DeepSpeech is the code that can do STT using machine learning approaches. But, like all machine learning systems, it is really useless without data to ‘learn’ from.

Common Voice is an attempt by Mozilla to build a body of recordings they can use to train on. It is a great idea and we encourage you to go to https://voice.mozilla.org and help with this effort. It is building a fully open (CC0 aka public domain) dataset. But this is just a dataset, it doesn’t ‘do’ anything.

Finally there is the model that Mozilla has generated by training DeepSpeech. That is are what you referred to 6.5%. Those models are based on data from Common Voice plus several other dataset (e.g. the Libre Voice dataset, so TED talks, etc).

Mycroft fits in to this in two ways:

  1. We are building another dataset for them to train off of. Our users can participate in this by using the Opt In mechanism. We are building a custom license that is different from any existing license, allowing you to back out of sharing your data. This is different from the Common Voice dataset because once you release something to the public domain, you don’t get to withdraw it.
  2. As DeepSpeech and the trained model we jointly build matures, we are going to integrate it into the Mycroft ecosystem in two ways:
    a) DeepSpeech will be the engine we using in on our servers.
    b) We will provide tools allowing for a simple setup of DeepSpeech on your own device or private server if you want to host your own STT service and have the computational power available to support it.

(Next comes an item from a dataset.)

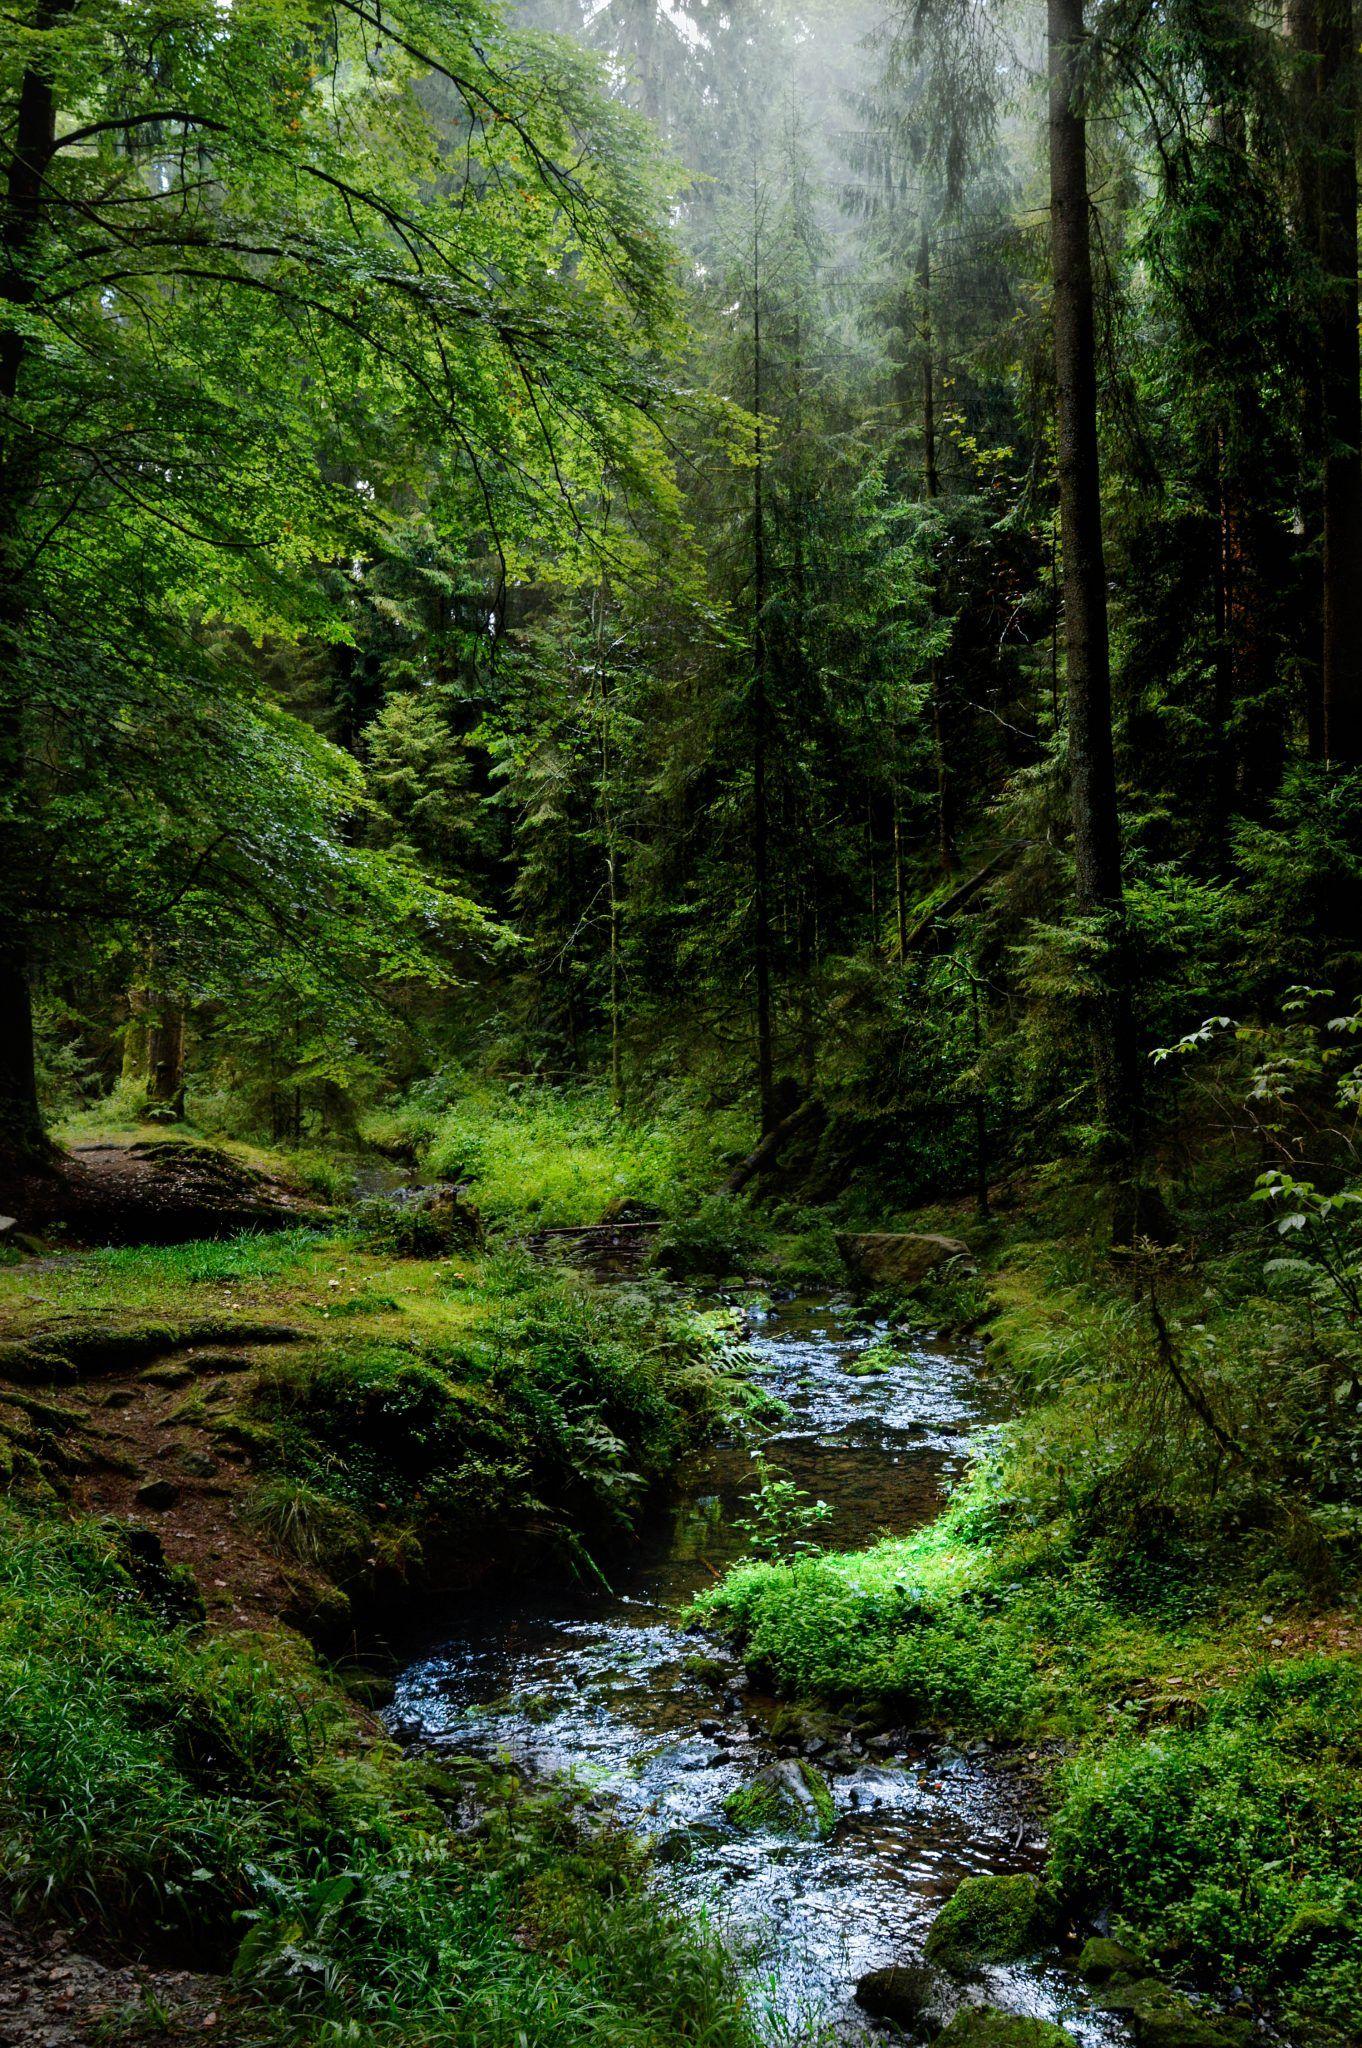 Den Teutoburger Wald entdecken - 3 besondere Ausflugsziele - Sophias Welt

The data DeepSpeech is training on right now is decent, but is holding the STT performance back because it is too clean. Most was recorded by someone at a desk using a good mic in a quiet environment. For DeepSpeech to really shine it needs data of people talking in kitchens with a stove fan runnig, coffe shops with lots of chatter in the background, cars with road noise, etc. And it needs lots of that data. That is where we – Mycroft AI and our community – have the unique ability to collaborate and really make this a successful joint effort.

I hope this all makes sense!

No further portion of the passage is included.